▶ **What you should do**:
Leave the pictures aside and copy all the data exactly.
(Beginning of Data section)
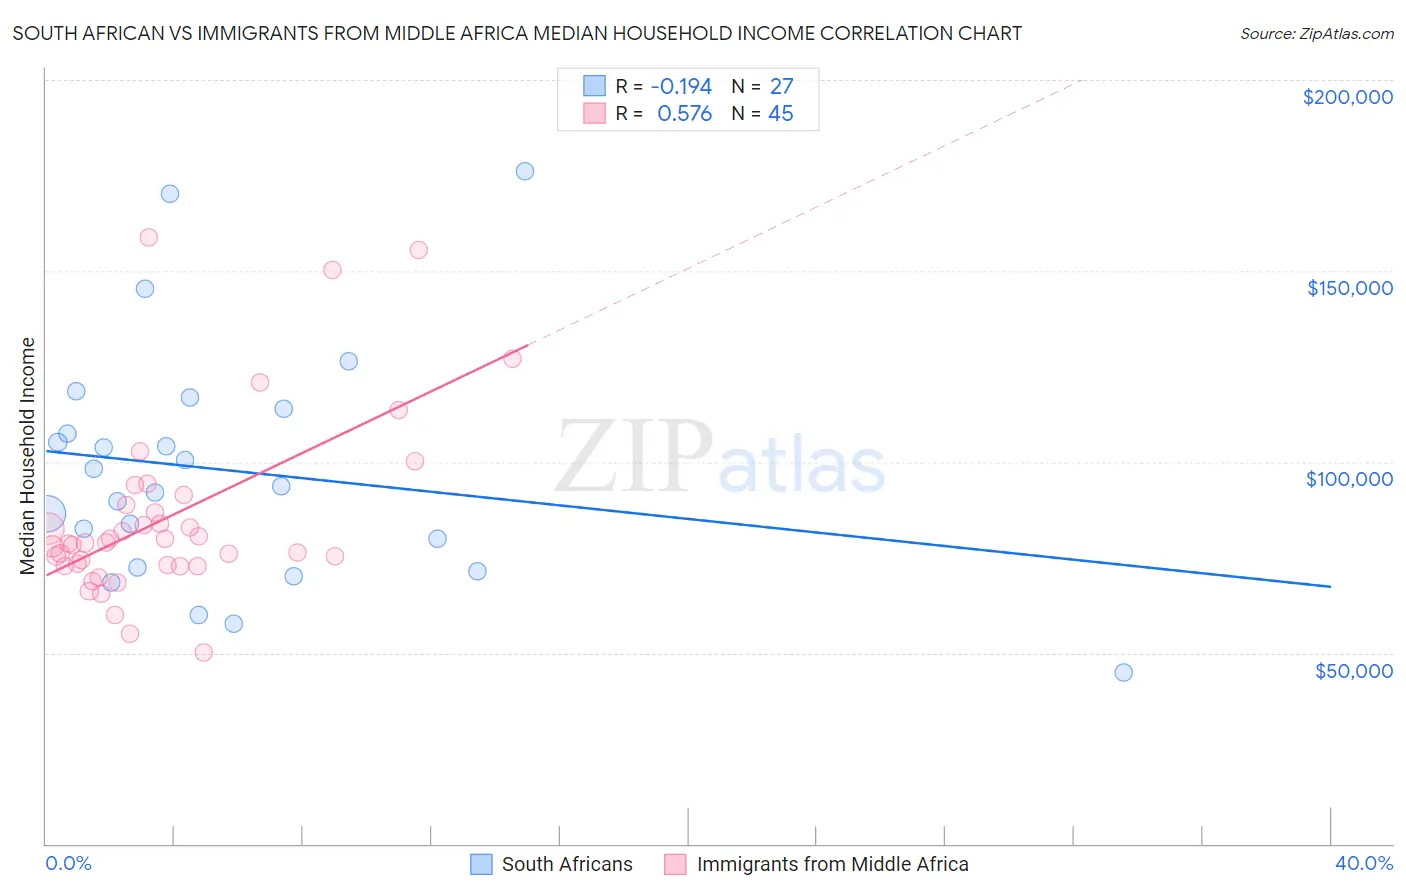 South African vs Immigrants from Middle Africa Median Household Income
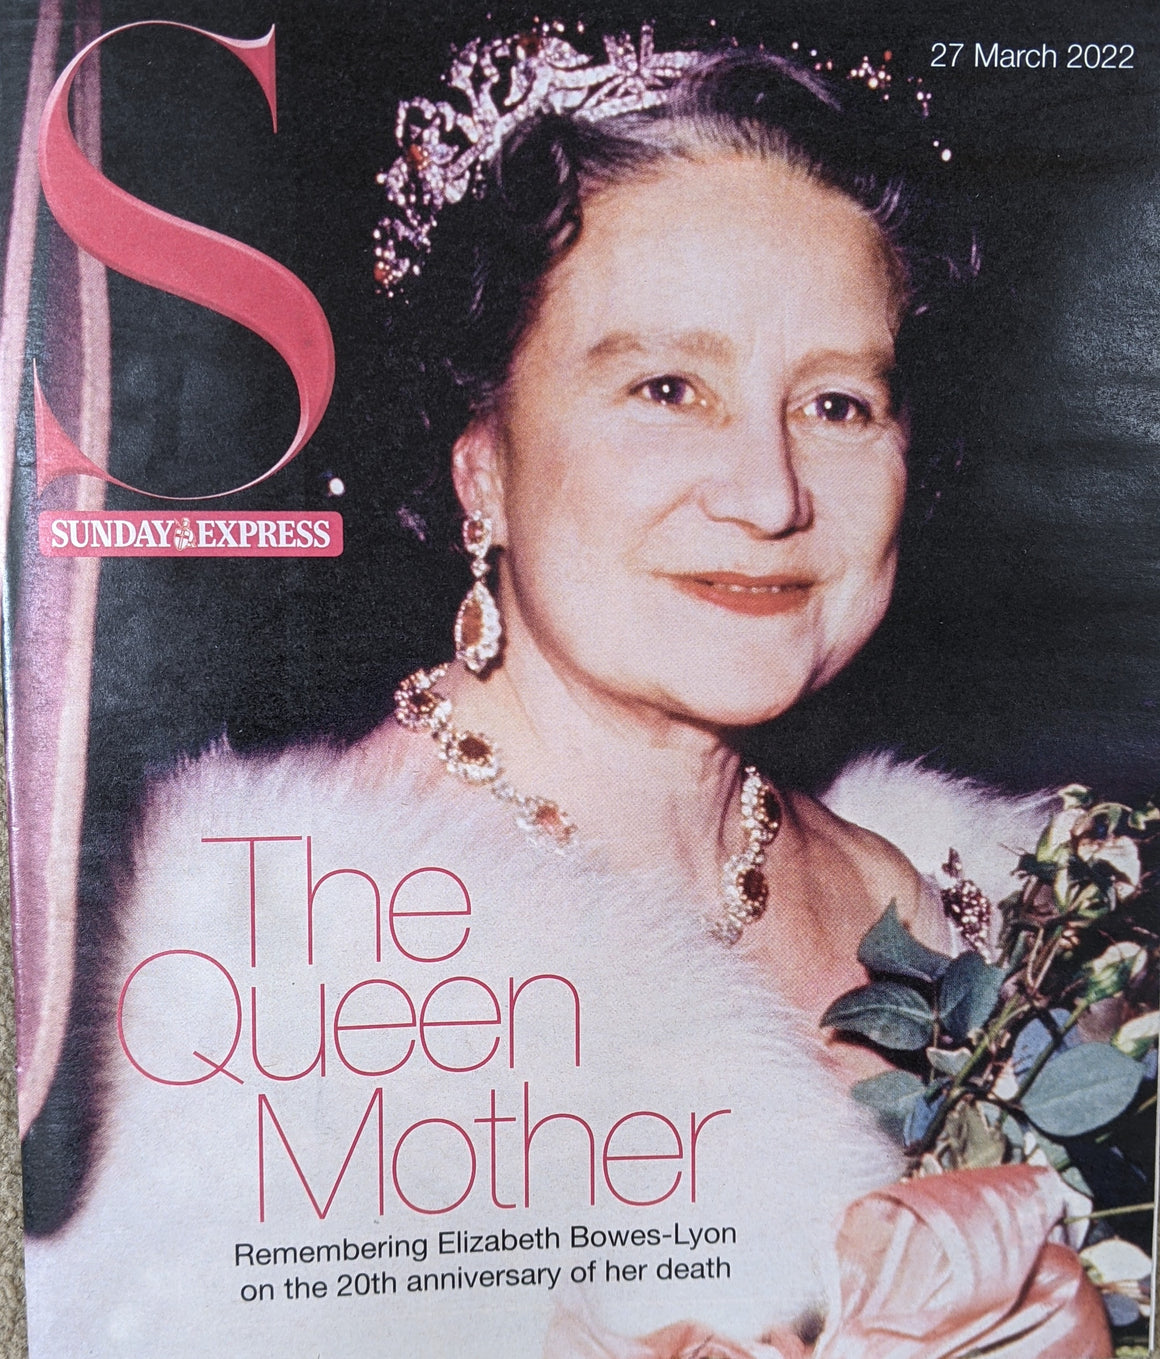 S EXPRESS UK MAGAZINE THE QUEEN ELIZABETH II MOTHER 20 YEARS SPECIAL - MARCH 2022
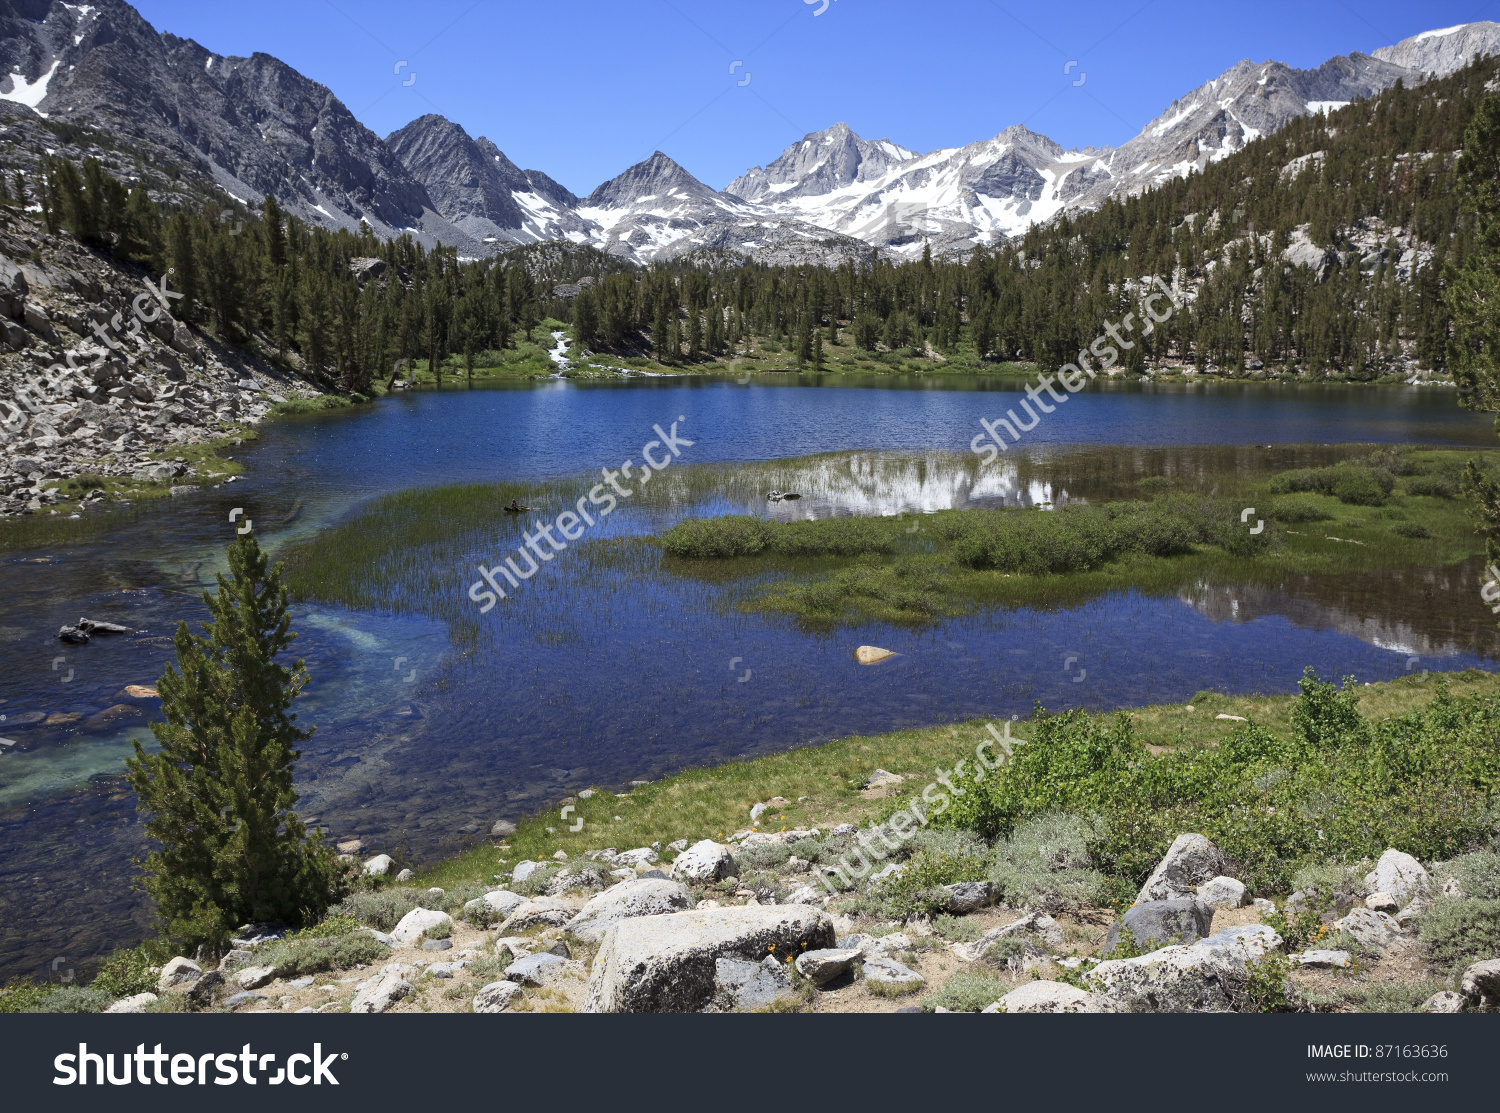 Sierra Nevada Mountains clipart #17, Download drawings
(End of Data section)
▶ **Answer below**:
 South African vs Immigrants from Middle Africa Median Household Income
 S EXPRESS UK MAGAZINE THE QUEEN ELIZABETH II MOTHER 20 YEARS SPECIAL - MARCH 2022
 Sierra Nevada Mountains clipart #17, Download drawings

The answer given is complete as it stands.